The minister of international trade and industry declined, however, to divulge the purpose of the funds being sought by the struggling automaker, other than to say Putrajaya provides various forms of allocations to help local companies grow, including tax breaks, research and development grants, and training incentives.

“Of course companies come for incentives especially Proton. We do give R&D grants, training grants,” the minister told reporters at his office here.

Mustapha said all such applications were screened and no preferential treatment will be given.

“The approval will be based on two things. One is the availability of funds; second is the cost benefit analysis. That is applicable to any application, not just Proton,” he said.

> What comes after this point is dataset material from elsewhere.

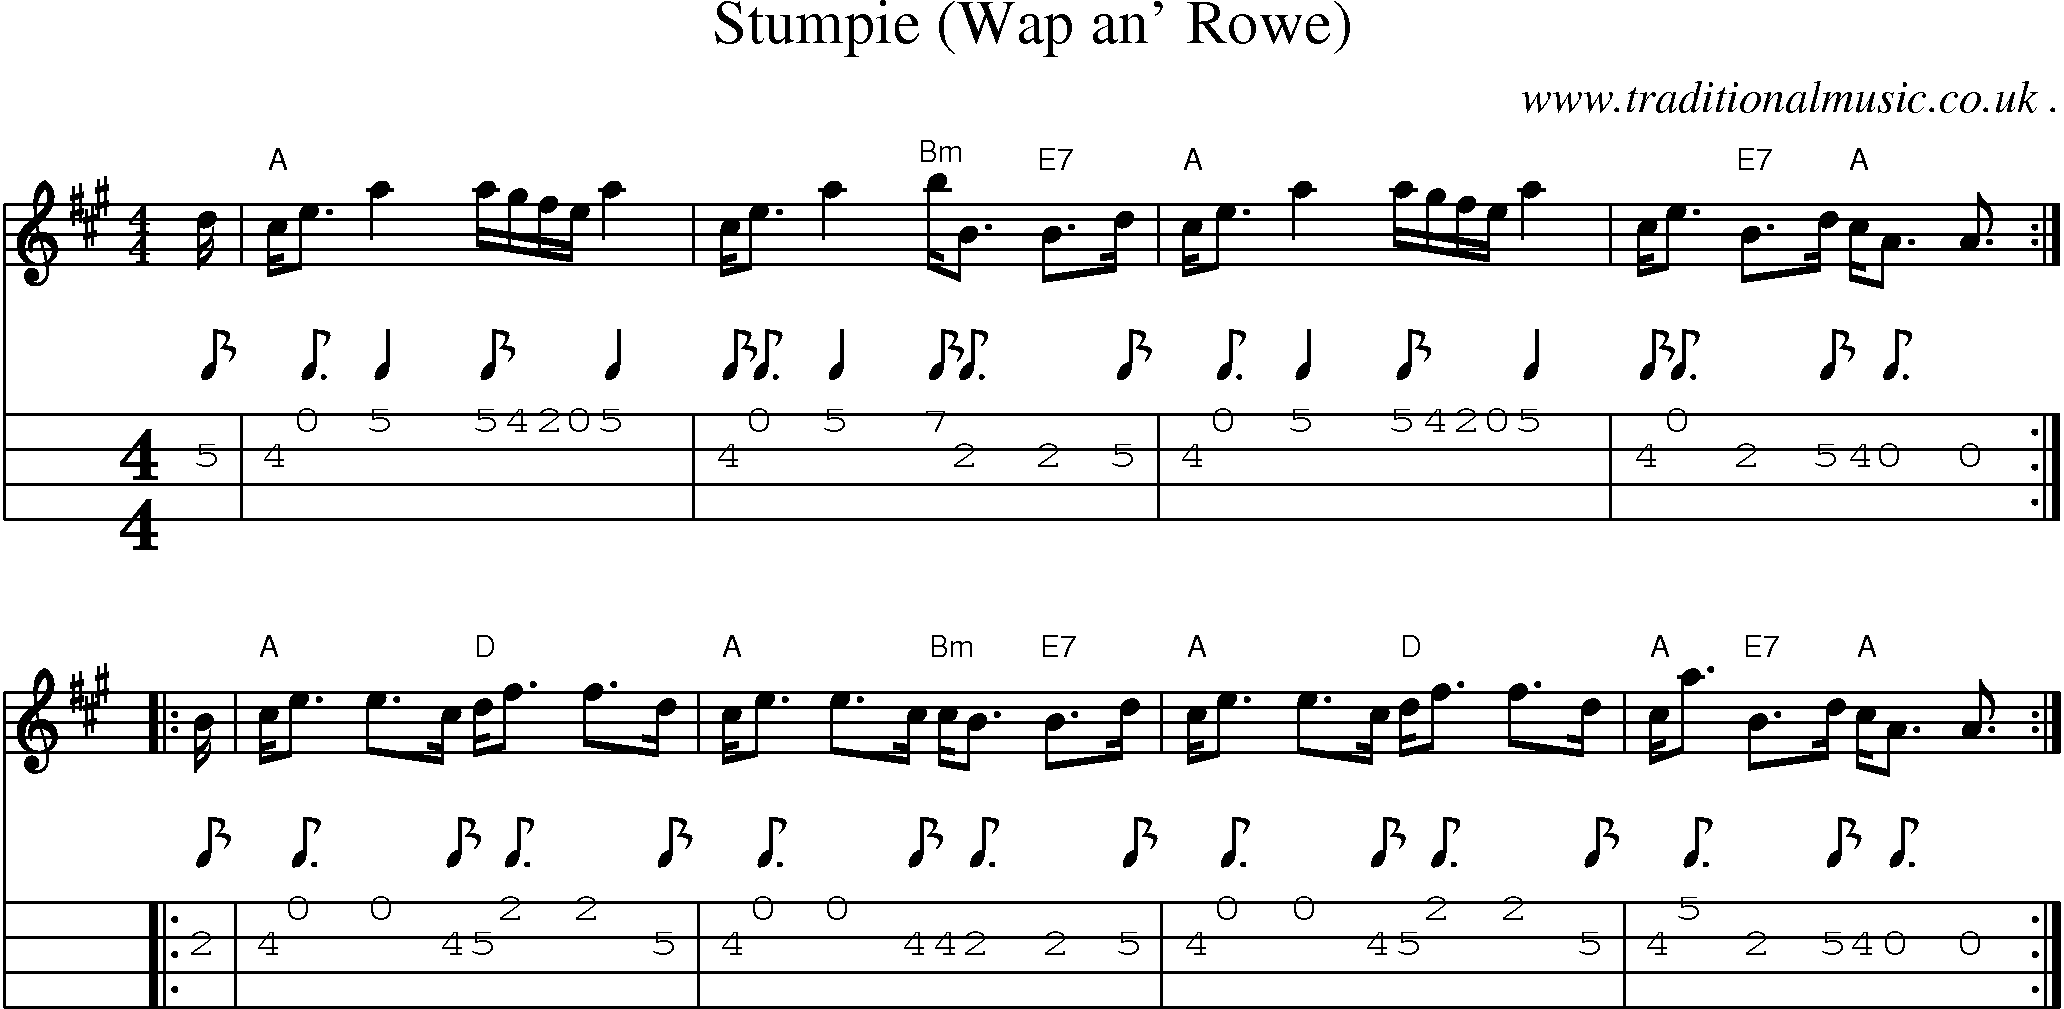 Sheet-music  score, Chords and Mandolin Tabs for Stumpie Wap An Rowe
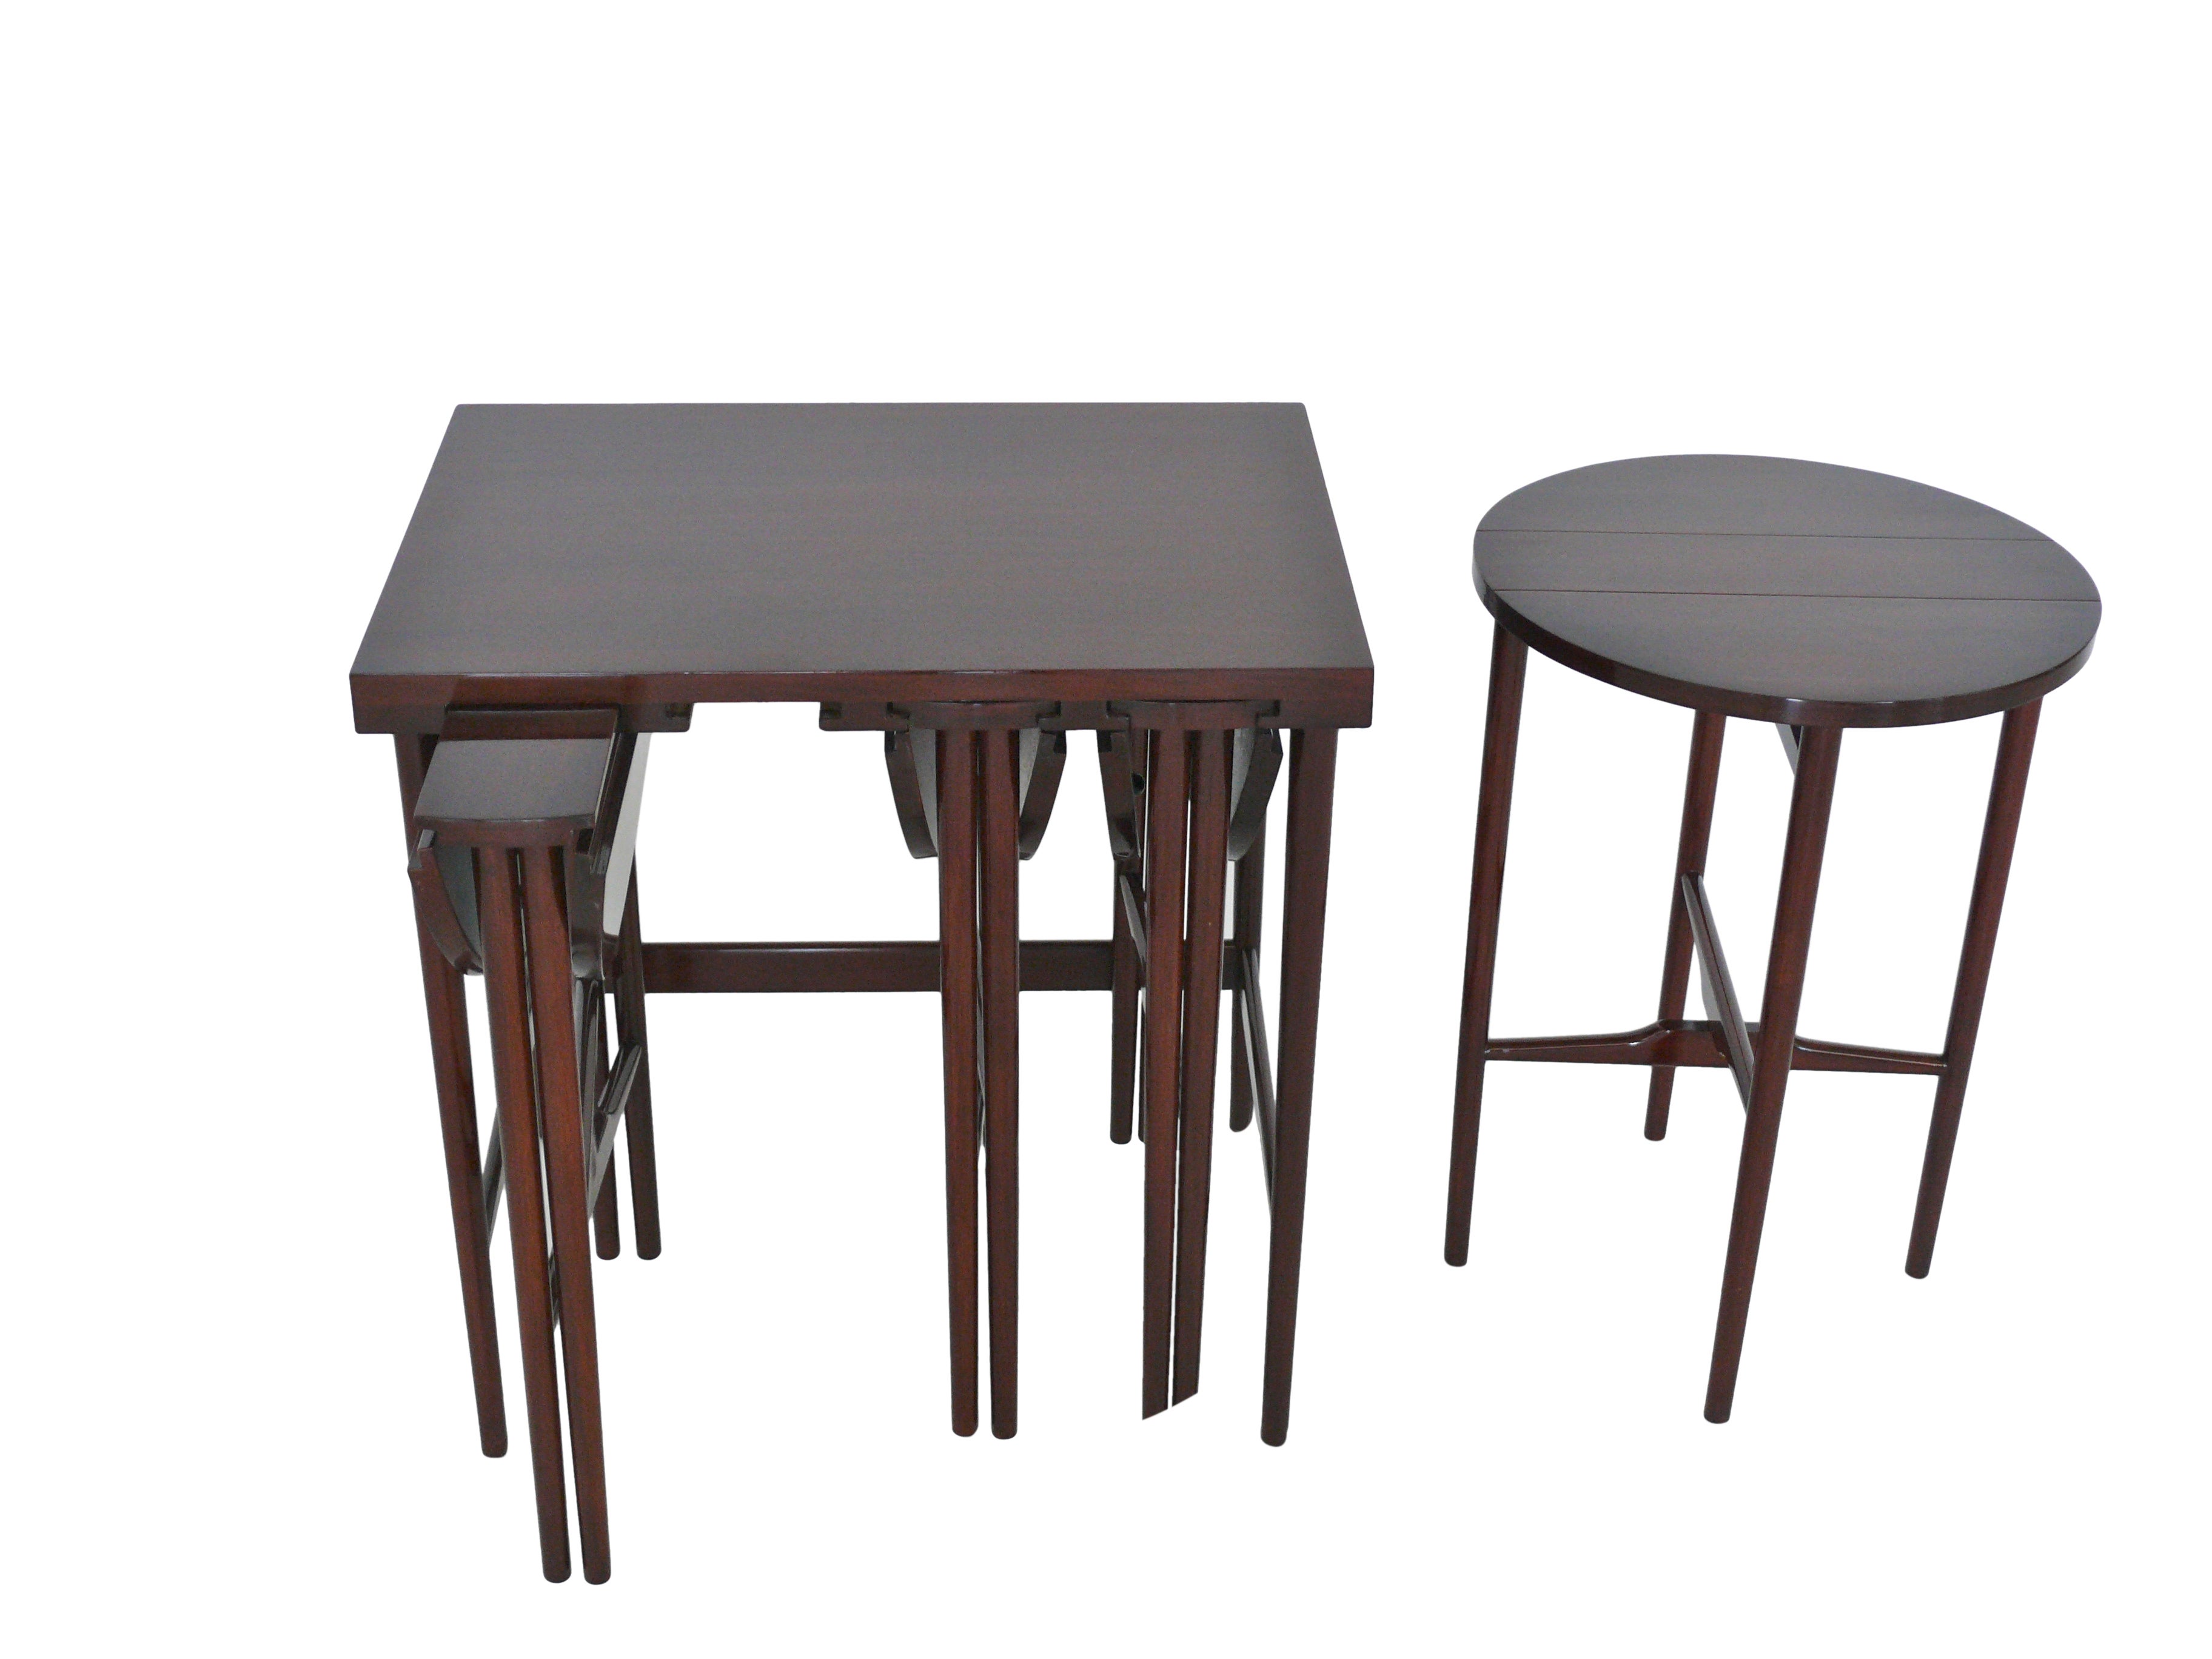 Walnut Nesting Tables by Bertha Schaeffer for Singer and Sons

Earlier today, English daily The Star reported that Proton is trying to source as much as RM3 billion from Putrajaya and other sources in order for it to develop new models for the market.

According to the report, Proton had approached Miti last year to help fund its model development but came away empty handed after failing to convince its officials. It then turned to national oil firm Petronas but was similarly unsuccessful.

The firm is said to require some RM3.8 billion in investments by 2017 and at least RM1.8 billion by next year.

During its heydays in the 1990s, Proton accounted for nearly four of every five new vehicles sold, but has since witnessed its fortunes dwindle before being overtaken by second national carmaker Perusahaan Otomobil Kedua Sdn Bhd (Perodua) as the best-selling brand in Malaysia.

Proton was established in 1983 by former prime minister Tun Dr Mahathir Mohamad in his bid to jumpstart Malaysia’s shift towards manufacturing.

In 2012, it was sold to Tan Sri Syed Mokhtar al-Bukhary’s DRB-Hicom.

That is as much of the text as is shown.